Fundamental Legal Rights
Basic rights either derived from the common law or contained in legislation are as set out below.
Rights of a Defendant in a Trial by Judge and Jury
A person to be tried on indictment in the Supreme Court has the right to disclosure. Disclosure involves the prosecution giving copies of written statements of all evidence to be led against the defendant at the trial (Crown papers). A person tried in the Court of Petty Sessions may apply for and receive relevant police documents under Right to Information legislation. These include witness statements and other evidence. The prosecution has a duty not to proceed if they believe there is no substantial prospect of conviction.
A defendant also has a right to a preliminary hearing of all the evidence in front of a magistrate or justice of the peace (s61, Justices Act 1959). This is known as a preliminary hearing. At a preliminary hearing a person may elect to cross-examine witnesses. At this hearing an accused, or their counsel, can cross-examine witnesses. An accused can give evidence if they wish. Any decision regarding the preliminary proceedings is in the hands of the Supreme Court.
Innocent Until Proven Guilty
The basis of our system of criminal justice is that a person is to be considered innocent, if charged with a crime or offence, until proven guilty. The civil law system in Europe makes the opposite presumption. A person is guilty until proven innocent in their criminal justice courts.
Proof ‘Beyond Reasonable Doubt’
The prosecution must satisfy the magistrate or jury (Magistrates Court or Supreme Court), that the accused person is guilty beyond reasonable doubt. If there is any reasonable doubt whether the accused is guilty, they should be ‘acquitted’, that is, found to be not guilty of the offence.

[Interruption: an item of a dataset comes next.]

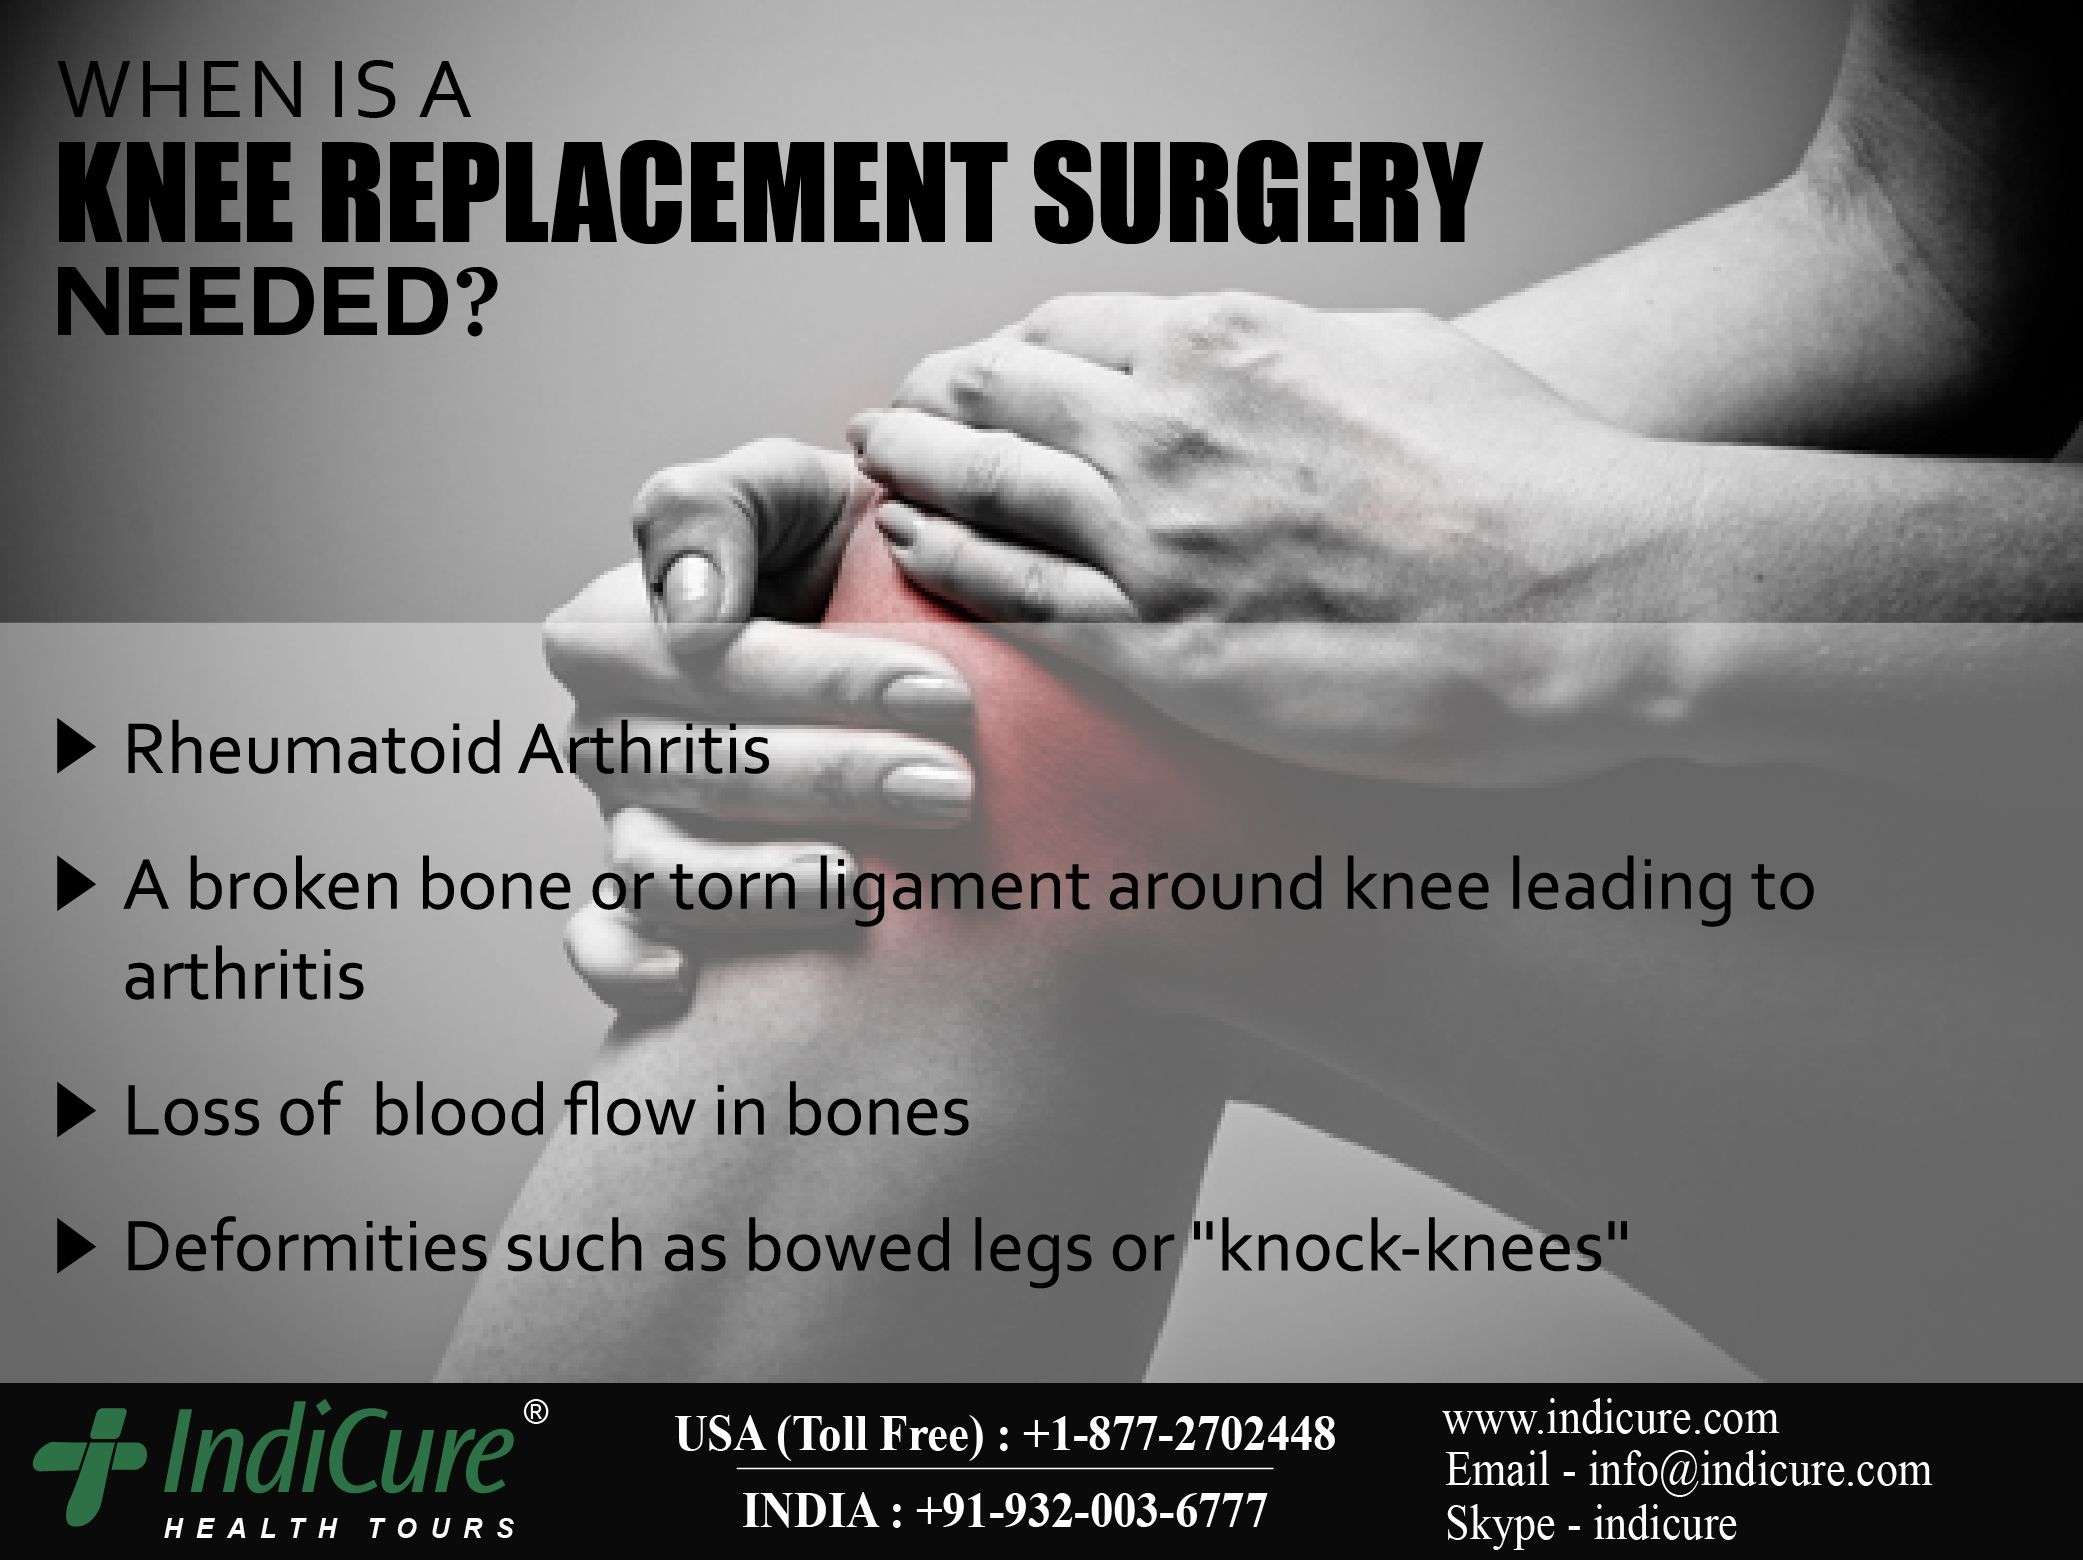 How Do I Know If I Need Knee Replacement Surgery?

It is not up to the accused to establish their innocence, although sometimes the accused has to show that there is sufficient evidence to raise an issue as a defence. For example, a judge will not instruct a jury to consider the defendant acted in self-defence without the defendant raising this as a defence. In some cases, the burden of proving a particular defence, such as insanity, may be on the accused person, but only on the balance of probabilities.
The Right to Remain Silent
A basic right, strongly enforced by the courts, is that a person is not required to answer any questions put by a police officer, except in certain limited situations. This right extends to a person’s jury trial or summary trial. A person cannot be compelled to give evidence at their trial.
The prosecutor’s duty includes calling relevant witnesses who may assist the defence case (unless the prosecutor believes them not to be truthful), and advising the defence of anything known that may conceivably assist the accused.
A person once acquitted cannot be re-tried. Likewise a person cannot be punished twice. This is known as autre fois acquittal or autre fois convict. There can, however, be a re-trial if a jury cannot reach a decision or if a court on appeal quashes a conviction or acquittal.
Every person arrested can apply to a magistrate for bail, save for a charge of murder. If a person is refused bail by a magistrate, that person may make an application for bail in the Supreme Court before a judge. The Bail Act 1994 (Tas) is the primary Act governing questions of bail.
In family violence matters, bail will not be granted unless the court, judge or police officer deciding the grant of bail is satisfied that the release of the person on bail would not be likely to adversely affect the safety, wellbeing and interests of an affected person or child (s12, Family Violence Act 2004 (Tas)).
A Right to Contest the Admissibility of Evidence
A defendant can contest the admissibility of evidence against them in some circumstances. As with raising a defence, it is up to the defence to raise the issue of admissibility to the court. One area of evidential admissibility is the grounds that the evidence was improperly or illegally obtained. In Tasmania, the Criminal Law (Detention and Interrogation) Act 1995 (Tas) regulates police conduct for those in their custody. This includes the interview, interrogation and charging process. The Evidence Act 2001 (Tas) provides that a court has a discretion to exclude evidence where that evidence was improperly or illegally obtained.
Evidence unfairly or illegally obtained may be admitted as evidence at the trial by a judge or magistrate in the exercise of their discretion, but evidence proved to be obtained under duress must always be disallowed. The type of improper or illegal conduct will heavily influence the discretion of the court in its decision. For example, obtaining a confession by beating a defendant, or the use of an illegal listening device, would heavily influence the court to exclude evidence. The court will look at the nature of the conduct and also the value of the evidence. The process is done by a ‘trial within a trial’ known as a voir dire (vwah deer). This means the court will consider the admissibility question before presenting the evidence (or not) to the jury. If a jury is in attendance, they will leave the court room while the judge hears both sides of the argument and makes a decision.